Forecasting cell fate during antibiotic exposure using stochastic gene expression

Nicholas A. Rossi,I. El Meouche,M. Dunlop

Published 2019 in Communications Biology

ABSTRACT

Antibiotic killing does not occur at a single, precise time for all cells within a population. Variability in time to death can be caused by stochastic expression of genes, resulting in differences in endogenous stress-resistance levels between individual cells in a population.

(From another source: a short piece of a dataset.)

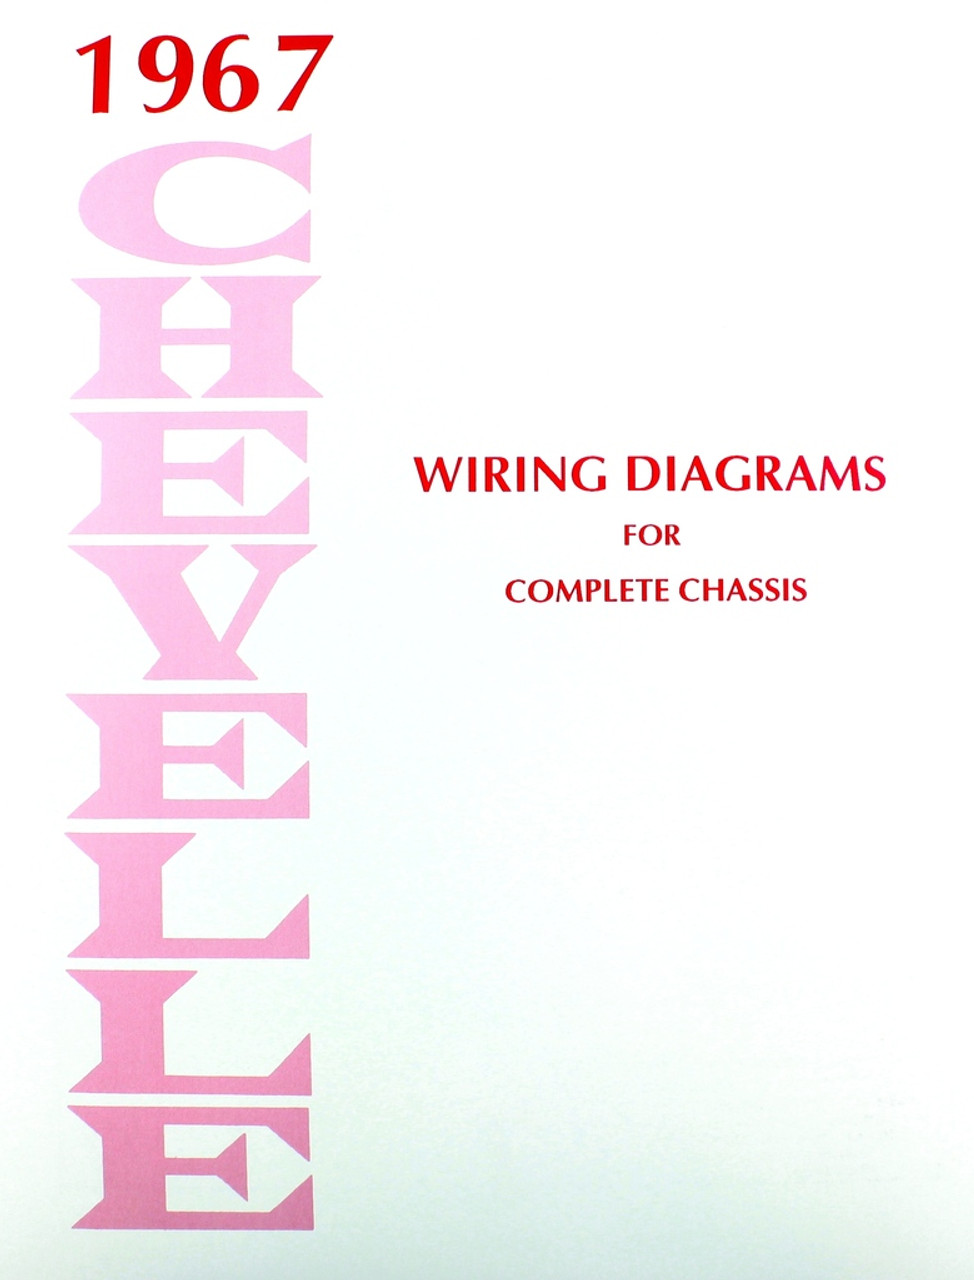 L1806_zps5glytoor__39425.1507589644?c\=2 1967 chevy impala wiring diagram 1974 chevy c10 wiring diagram 1964 el camino wiring diagram at gsmx.co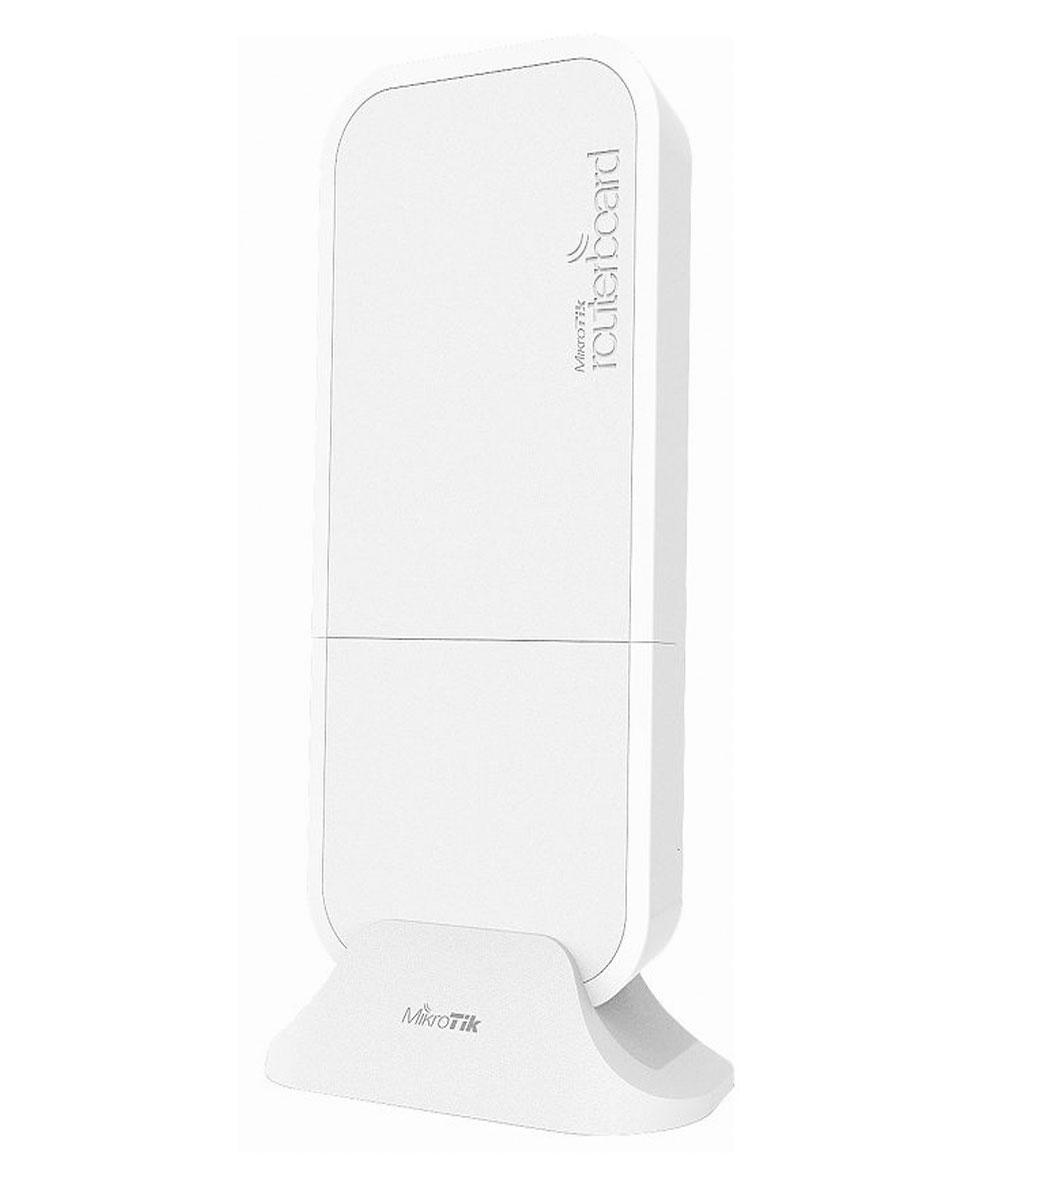 اکسس پوینت wAP LTE kit-US Mikrotik میکروتیک

Here we investigate whether single-cell differences in gene expression prior to antibiotic exposure are related to cell survival times after antibiotic exposure for a range of genes of diverse function. We quantified the time to death of single cells under antibiotic exposure in combination with expression of reporters. For some reporters, including genes involved in stress response and cellular processes like metabolism, the time to cell death had a strong relationship with the initial expression level of the genes. Our results highlight the single-cell level non-uniformity of antibiotic killing and also provide examples of key genes where cell-to-cell variation in expression is strongly linked to extended durations of antibiotic survival. Nicholas Rossi et al. find that bacterial cell survival following antibiotic exposure can be predicted by the expression levels of specific genes prior to antibiotic treatment. They test 15 genes using a reporter system and find that single-cell gene expression predicts survival time in an antibiotic-specific manner.